Sichuan Research Center for Drug Precision Industrial Technology, West China School of Pharmacy, Sichuan University, Chengdu 610041, People's Republic of China.
Rega Institute for Medical Research, KU Leuven, Herestraat 49, B-3000 Leuven, Belgium.
Bioorg Chem. 2020 Jun;99:103825. doi: 10.1016/j.bioorg.2020.103825. Epub 2020 Apr 8.
Oxime is a key pharmacophore in drug development. The biphenyl diarylpyrimidines (DAPYs) have been developed by our group as novel non-nucleoside reverse transcriptase inhibitors (NNRTIs). In this study, fourteen oxime-biphenyl-DAPYs were designed and synthesized through a privileged scaffold inspired design strategy. They exhibited promising activity toward wild type HIV-1 and single mutant strains. Compound 7d was found to be the most potent one against both wild type (EC = 12.1 nM) and E138K mutant strains (EC = 0.0270 µM). It also had a much lower cytotoxicity (CC > 292 µM) and higher selective index (SI > 24105) than those of the FDA-approved drugs efavirenz and etravirine. Molecular docking and dynamics simulation predicted and disclosed the binding mode of compound 7d with the RT, providing the explanation on the antiviral activity. These results were helpful for subsequent structural optimizations in anti-HIV-1 drug discovery.

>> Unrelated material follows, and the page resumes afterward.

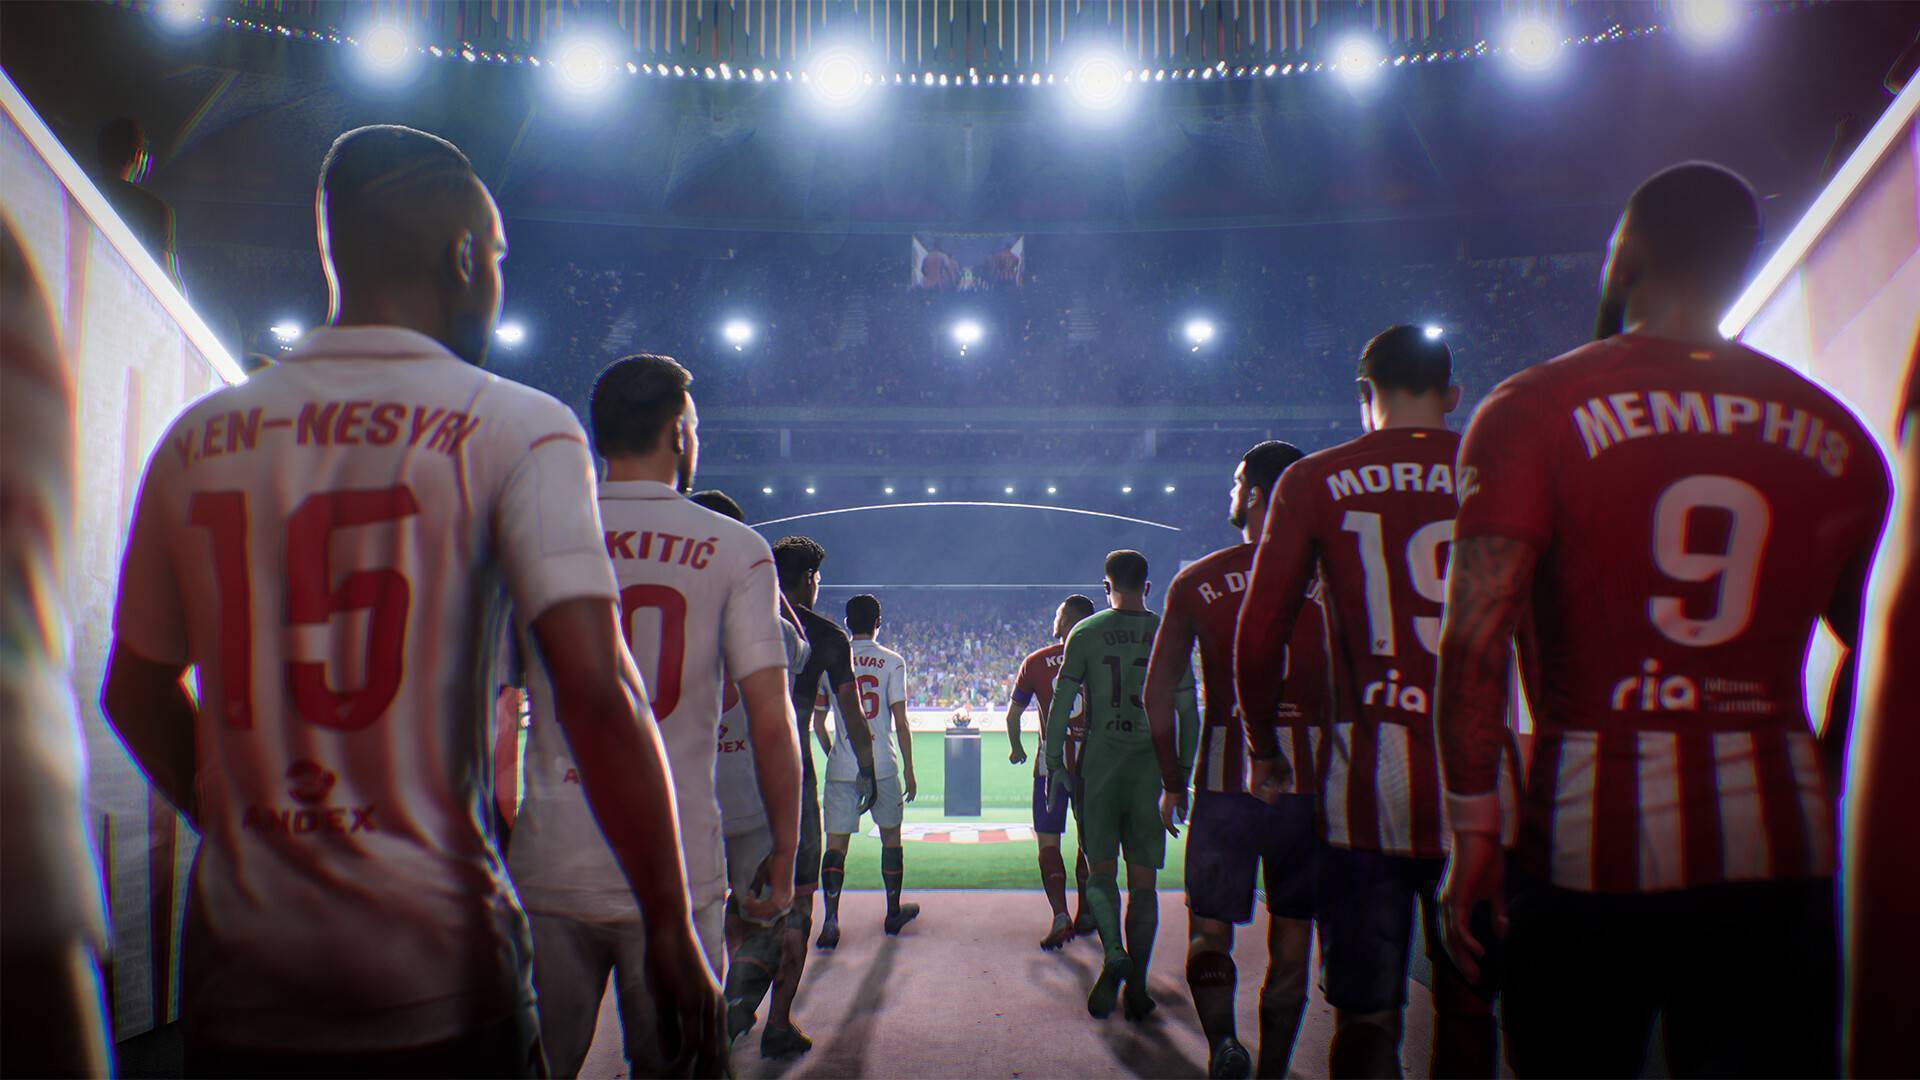 FIFA 22 (PC) Key preço mais barato: 22,84€ para Origin
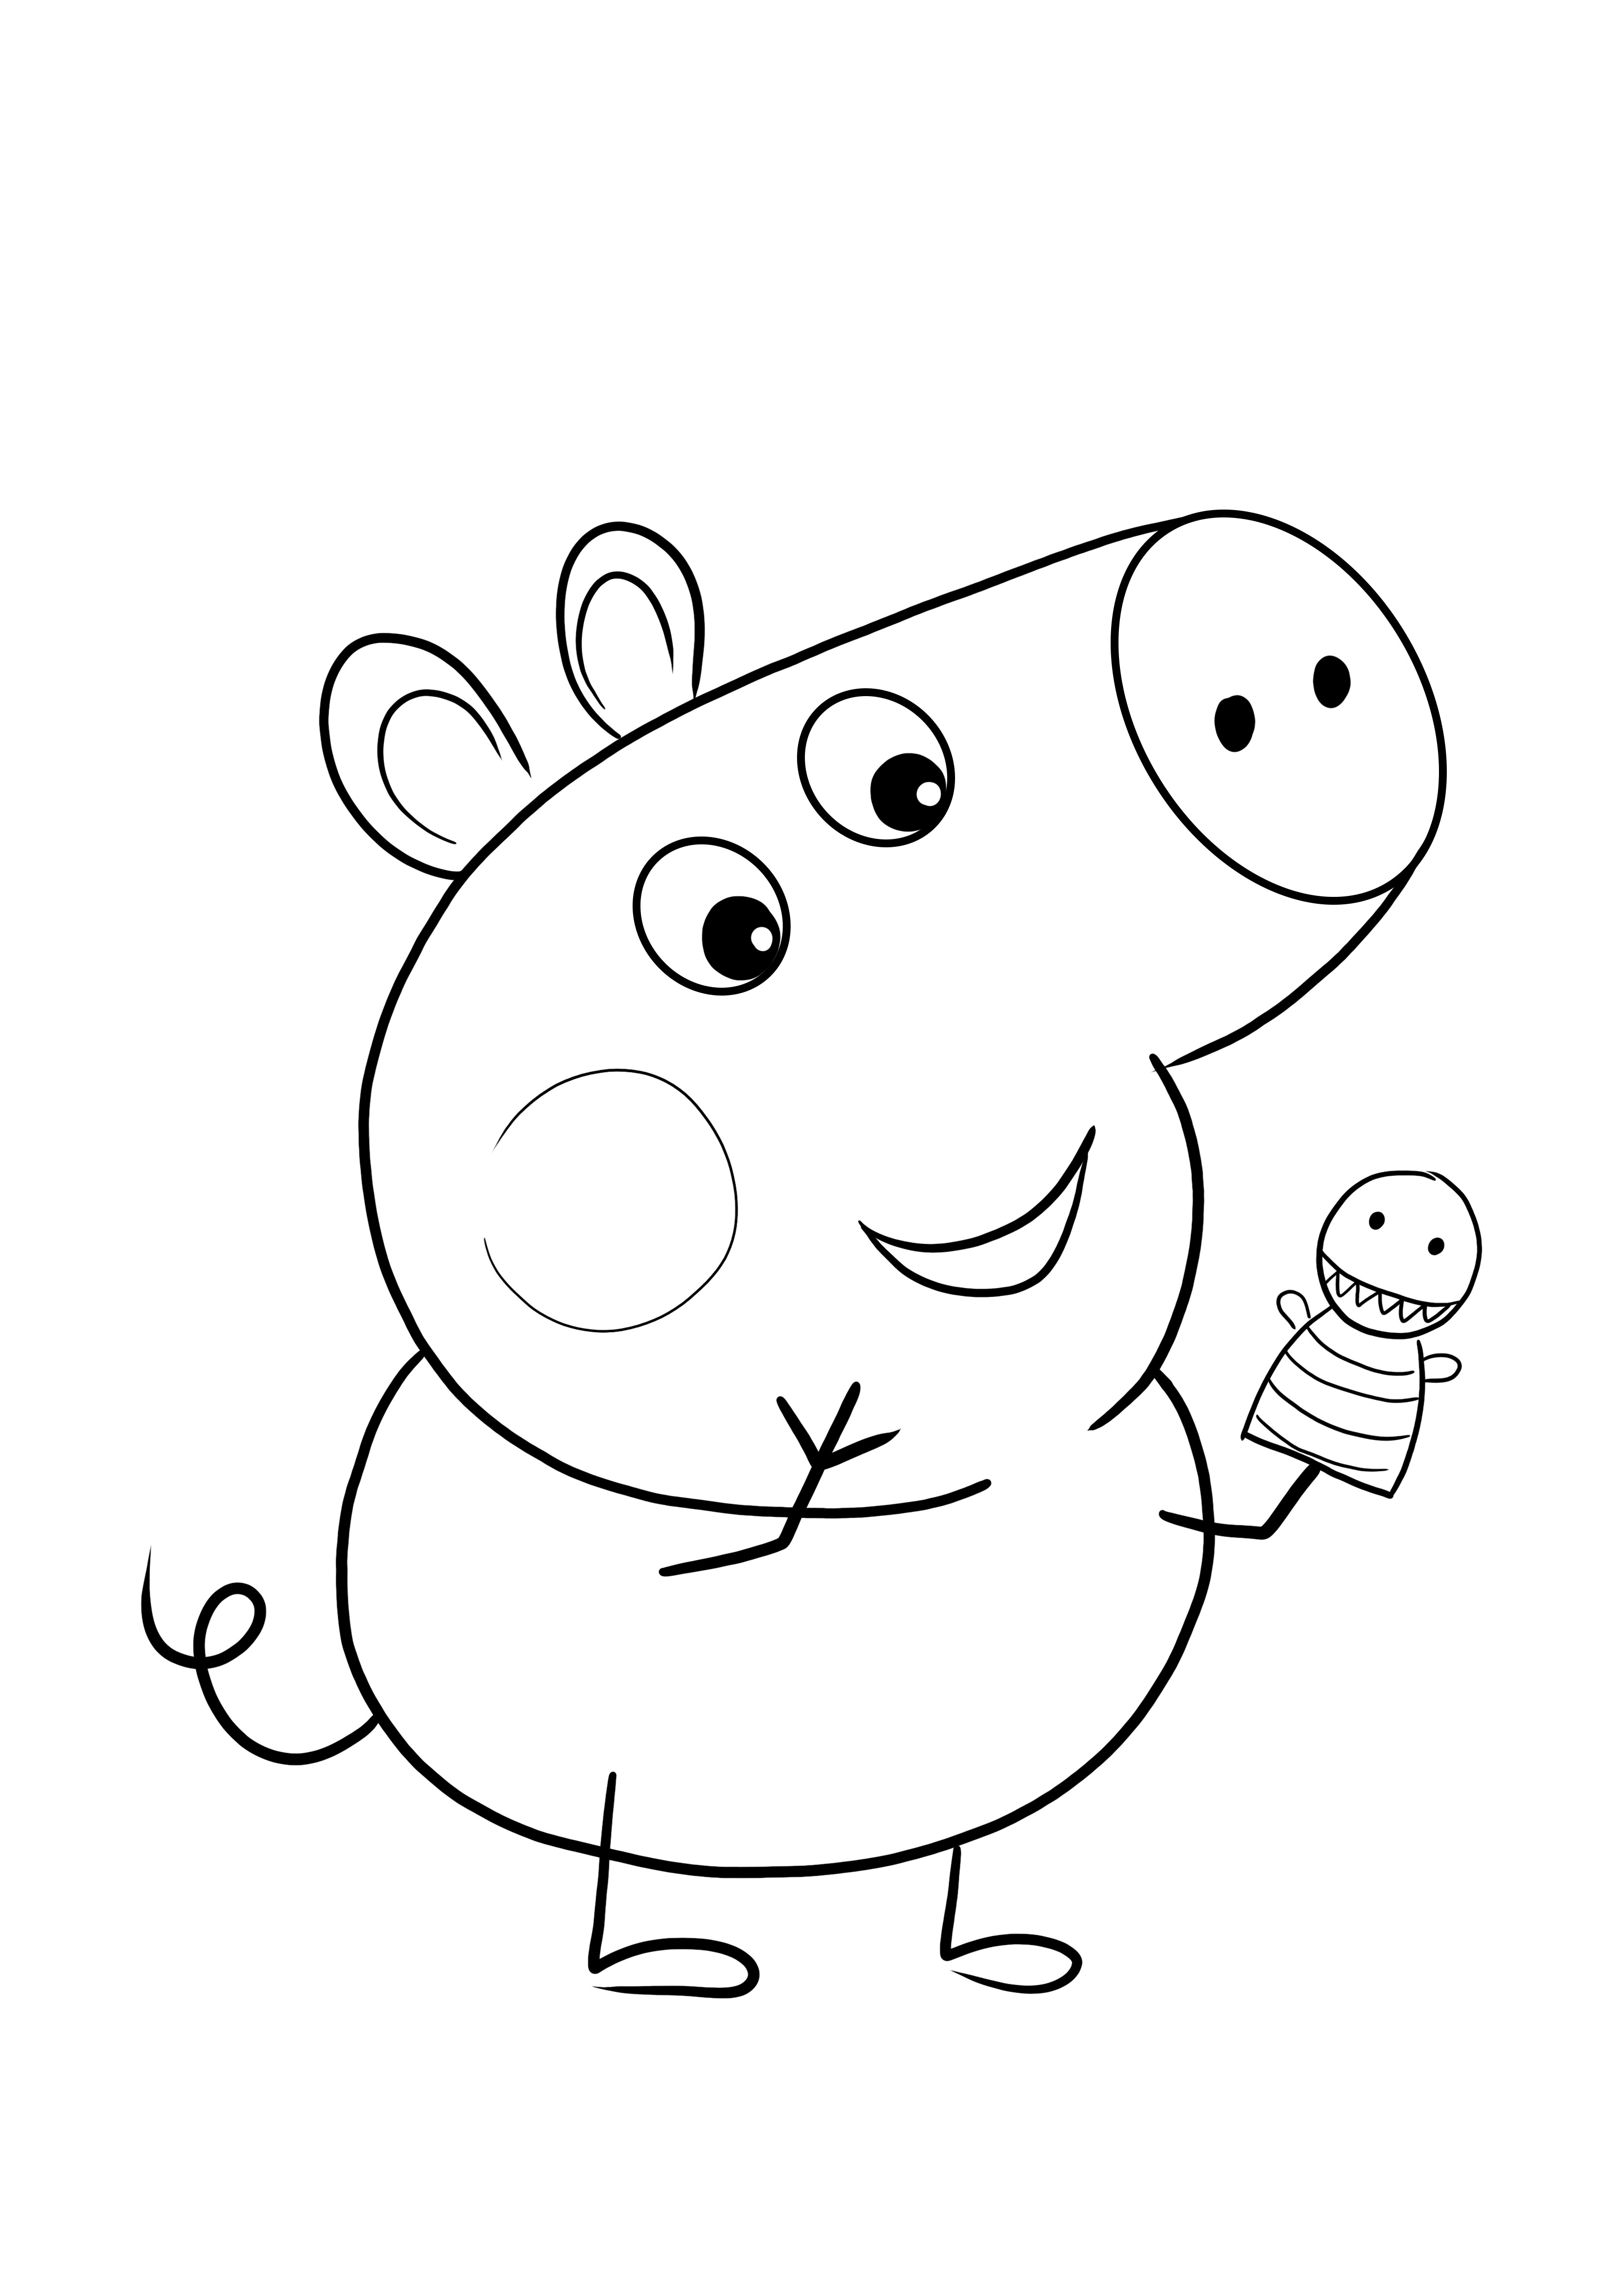 George Pig brincando com seu fantoche de dedo, mago para colorir grátis para imprimir e colorir

肟是药物开发中的关键药效团。我们小组已经将联苯二芳基嘧啶(DAPYs)开发为新型非核苷逆转录酶抑制剂(NNRTIs)。在这项研究中,通过受保护的支架启发式设计策略设计并合成了十四种肟-联苯-DAPYs。它们对野生型 HIV-1 和单突变株表现出有希望的活性。化合物 7d 对野生型(EC=12.1 nM)和 E138K 突变株(EC=0.0270 µM)均具有最强的抑制活性。与 FDA 批准的药物依非韦伦和埃替拉韦相比,它的细胞毒性(CC>292 µM)更低,选择性指数(SI>24105)更高。分子对接和动力学模拟预测并揭示了化合物 7d 与 RT 的结合模式,为抗病毒活性提供了解释。这些结果有助于随后在抗 HIV-1 药物发现中进行结构优化。